Unrec: Mexican Heat by Laura Baumbach and Josh Lanyon

Jan 09, 2011 19:15

I read one of Laura Baumbach's books once before. It was the kind of book that I enjoyed while I was reading it but forgot everything about it the moment I finished it. For that reason, I was a little skeptical about Mexican Heat, but I got it from a fangirl who described it as hot.

I tried reading it a couple of times, but the opening paragraphs aren't very good and gave me a kind of skeevy vibe, especially on the dimension of writing about race. Take this for example:Chugging the rest of his cold beer, he toyed with treating himself to some fine hombre tail once he and Benny completed their business. A smooth Spanish accent and a nice set of broad shoulders topped with a handsome face would be a start. And big hands.
But then a time came when I really wanted to read a trashy novel, and I already had this one. Even then, my first instinct was to read just the sex scenes. Unfortunately, I disregarded that instinct and read the whole book.

The book is about Gabriel, who is a cop deep undercover in a drug cartel. He's been there for a while. He has no family. You get the picture.

While meeting a contact, he instead meets a guy who he has amazingly hot sex with (the sex scenes are worth reading) without getting his name.

The guy it turns out later is, of course, Miguel Ortega, second to the head of the other drug cartel. The two cartels are merging via marriage (the daughter of Gabriel's boss and the boss of the other one), and Gabriel keeps getting hit on by the daughter, who somehow never figures out he's gay.

Anyway, Gabriel and Ortega head to Mexico where they have more really hot sex and nearly get blown up. They come back and Gabriel insists to his boss that he's going to continue his undercover work even though his cover is very close to being blown.

It's not a horrible plot, but it's not particularly well written.
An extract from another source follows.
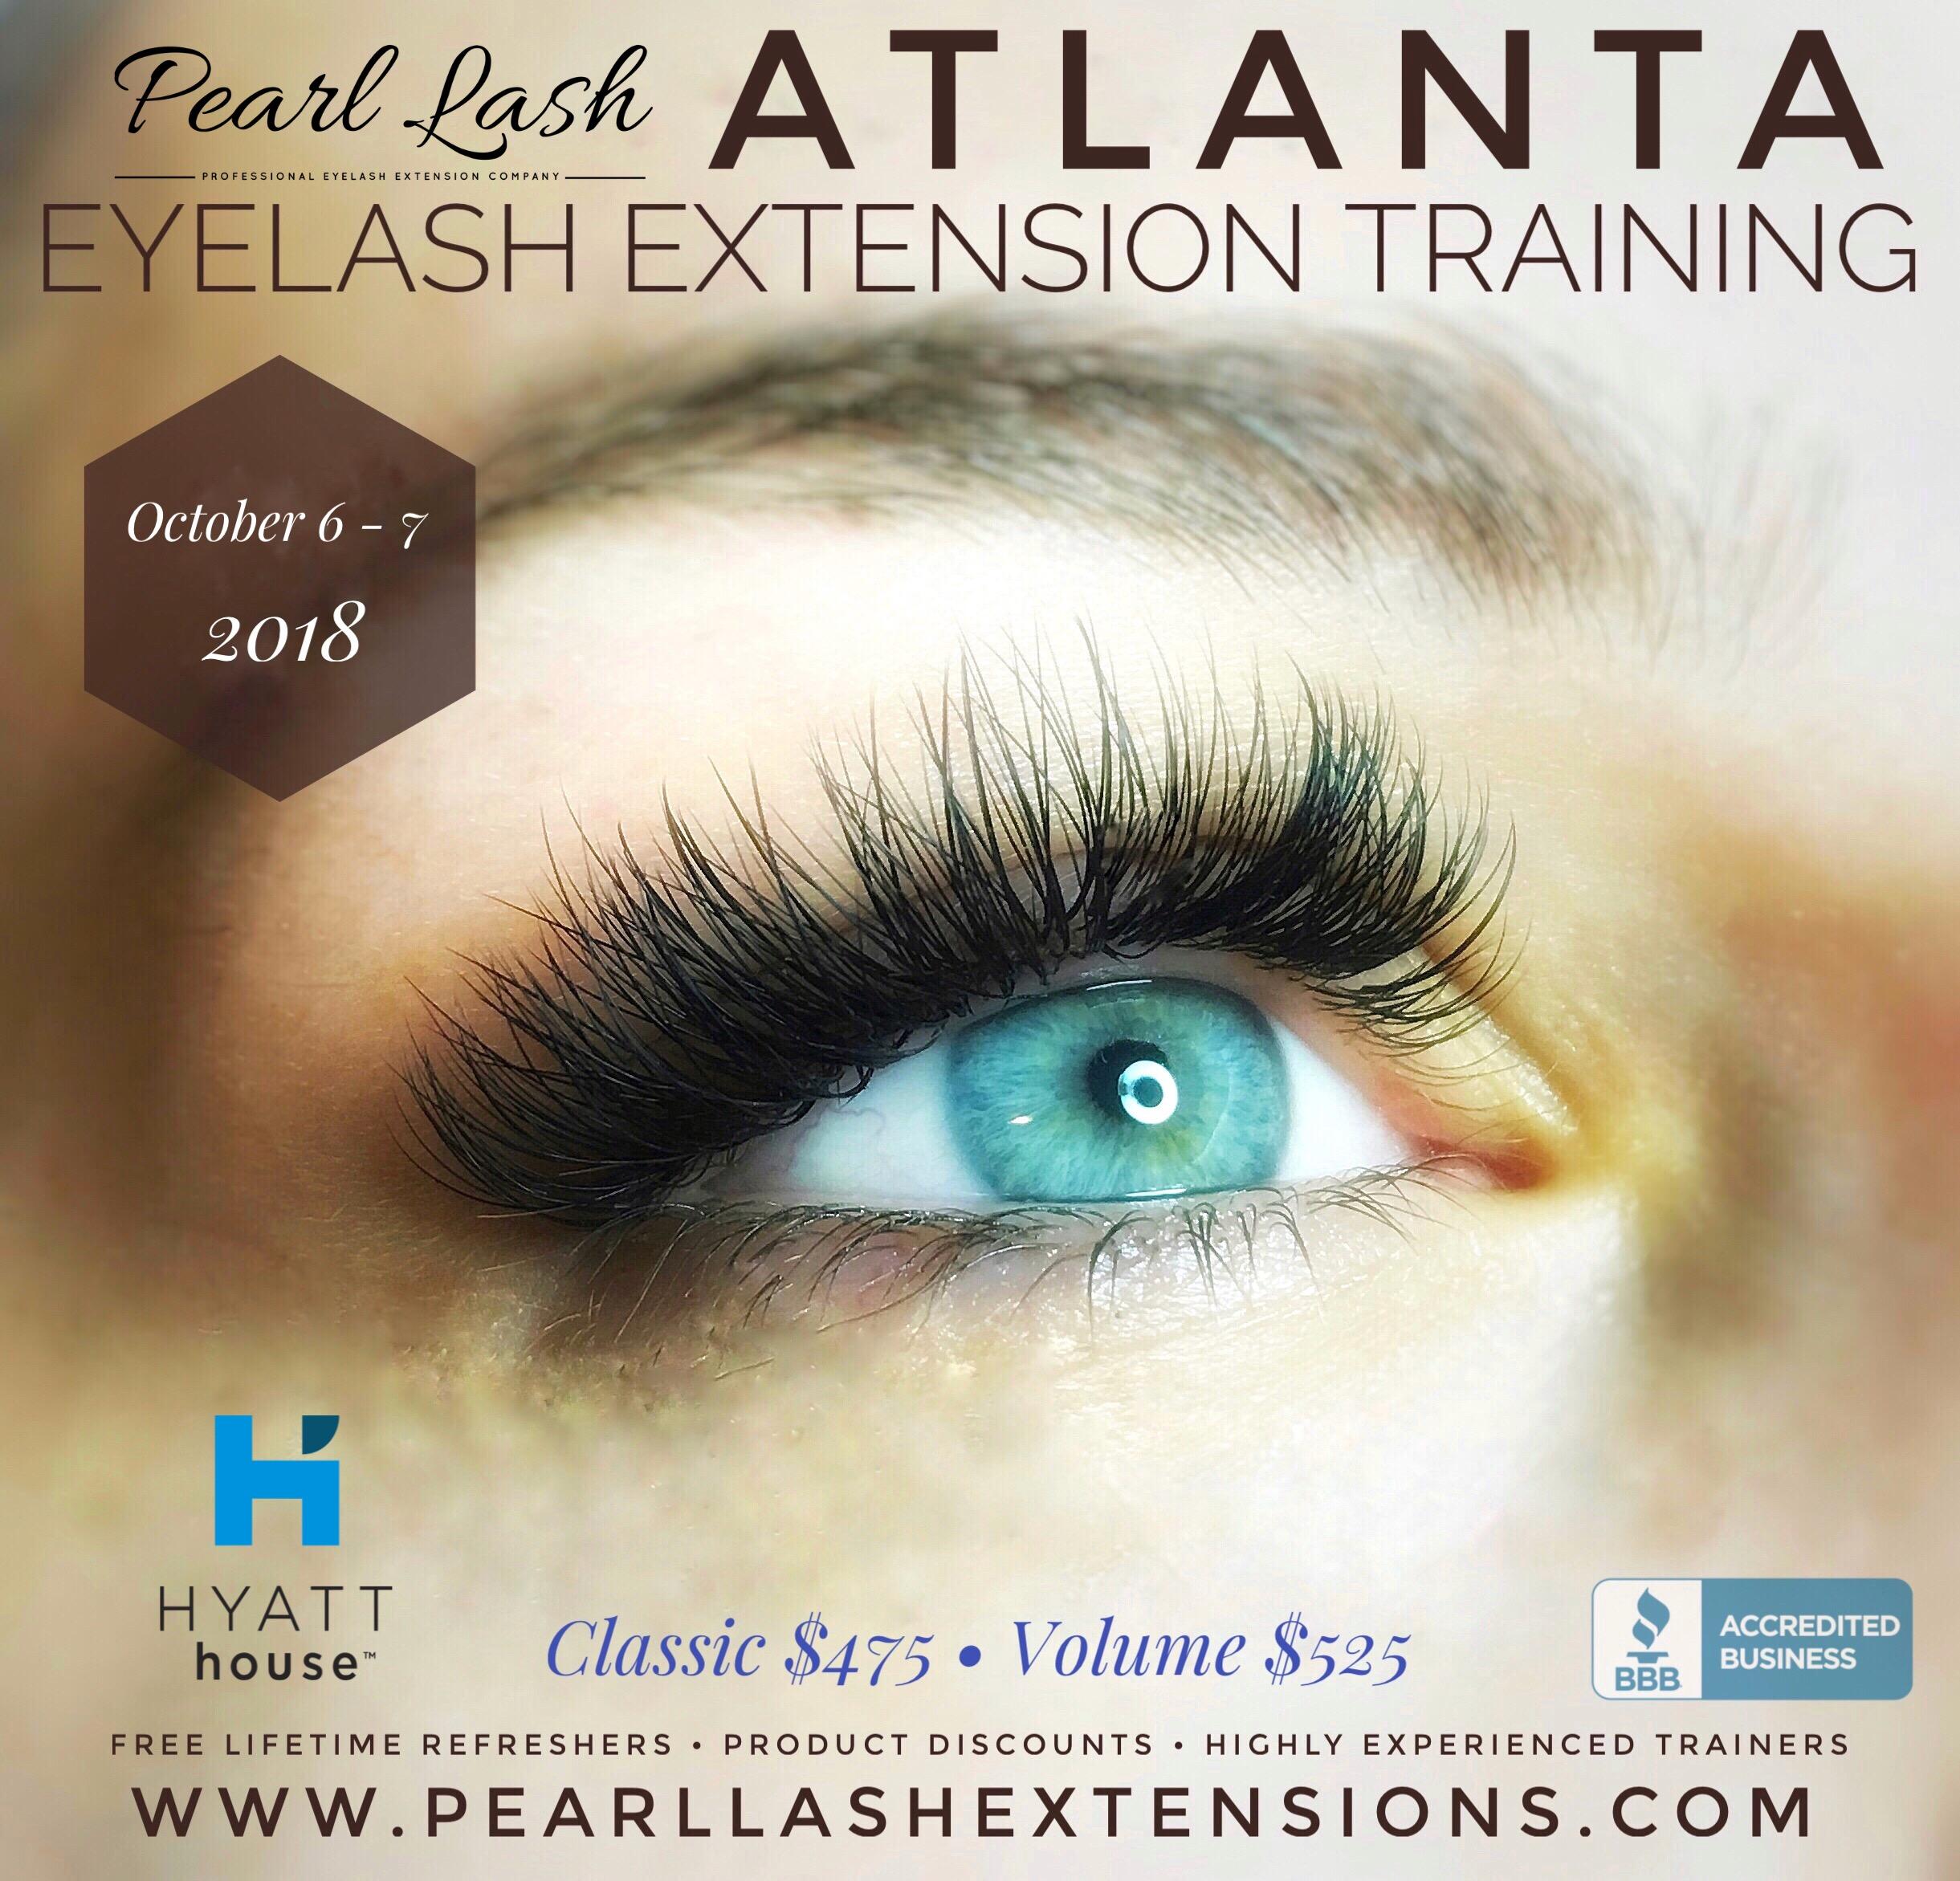 ea9bccd6ed4 Eyelash Extension Training Event Atlanta by Pearl Lash- Event ...

And then, in the middle of the book, we, for some unknown reason, switch to Ortega's point of view. In case you don't know me, I should tell you that I hate random pov switches. Things should either stick with one character the whole way through or alternate in some sort of deliberate pattern.

Once we switch to Ortega's pov, we learn that his real name is Antonio Lorenzo and he is undercover with the FBI. I'm sure you're as shocked as I was to learn this. Anyway, he also learns that Gabriel is undercover and that his cover is close to being blown.

Equally shockingly, Gabriel's cover is blown at the showdown between cartels and suppliers or whatever (do the details really matter?), and a bag of uncut heroin explodes all over him. The exposure to that much pure heroin makes him go blind. Yes, that's right, one of our main characters goes blind halfway through the book and the whole focus of the story changes.

There's a lot of blahblahblah where Gabriel is in the hospital, and eventually he agrees to go to a safehouse with Antonio who is (a) in love with him and (b) conveniently able to take over Gabriel's care/protection.

At this point, you could play some kind of bad erotica cliche bingo or drinking game and win easily.

The book pretty much goes even farther downhill from there. I'm not sure it's worth reskimming to tell you what happens in the rest of it, because it's not very good.

Really, take my advice: if you somehow end up with this book in your hands, read the sex scenes (especially the first two) and skip the rest.